◆ **Your assignment**:
Make a word-for-word copy of the entries below from their first line through the line with "Restos de poço", and add nothing.

--- Source material ---

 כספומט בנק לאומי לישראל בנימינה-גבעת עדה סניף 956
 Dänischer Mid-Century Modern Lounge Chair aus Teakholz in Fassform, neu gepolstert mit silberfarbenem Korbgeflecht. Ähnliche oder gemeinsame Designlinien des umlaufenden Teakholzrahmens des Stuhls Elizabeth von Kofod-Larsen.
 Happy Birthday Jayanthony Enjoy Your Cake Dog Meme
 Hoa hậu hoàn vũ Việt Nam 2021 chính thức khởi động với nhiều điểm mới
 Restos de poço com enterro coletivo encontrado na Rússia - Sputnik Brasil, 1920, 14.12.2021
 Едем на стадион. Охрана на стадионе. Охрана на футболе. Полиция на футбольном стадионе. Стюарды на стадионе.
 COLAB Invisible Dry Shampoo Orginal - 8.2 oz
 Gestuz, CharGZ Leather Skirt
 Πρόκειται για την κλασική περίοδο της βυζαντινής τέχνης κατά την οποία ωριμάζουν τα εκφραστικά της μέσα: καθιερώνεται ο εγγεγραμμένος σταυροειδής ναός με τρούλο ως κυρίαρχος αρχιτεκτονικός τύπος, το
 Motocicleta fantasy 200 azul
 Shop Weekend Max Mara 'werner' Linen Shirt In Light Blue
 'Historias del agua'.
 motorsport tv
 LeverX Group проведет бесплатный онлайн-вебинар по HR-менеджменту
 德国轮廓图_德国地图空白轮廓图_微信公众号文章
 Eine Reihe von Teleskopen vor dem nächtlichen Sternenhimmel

---

◆ **Solution to this problem**:
 כספומט בנק לאומי לישראל בנימינה-גבעת עדה סניף 956
 Dänischer Mid-Century Modern Lounge Chair aus Teakholz in Fassform, neu gepolstert mit silberfarbenem Korbgeflecht. Ähnliche oder gemeinsame Designlinien des umlaufenden Teakholzrahmens des Stuhls Elizabeth von Kofod-Larsen.
 Happy Birthday Jayanthony Enjoy Your Cake Dog Meme
 Hoa hậu hoàn vũ Việt Nam 2021 chính thức khởi động với nhiều điểm mới
 Restos de poço com enterro coletivo encontrado na Rússia - Sputnik Brasil, 1920, 14.12.2021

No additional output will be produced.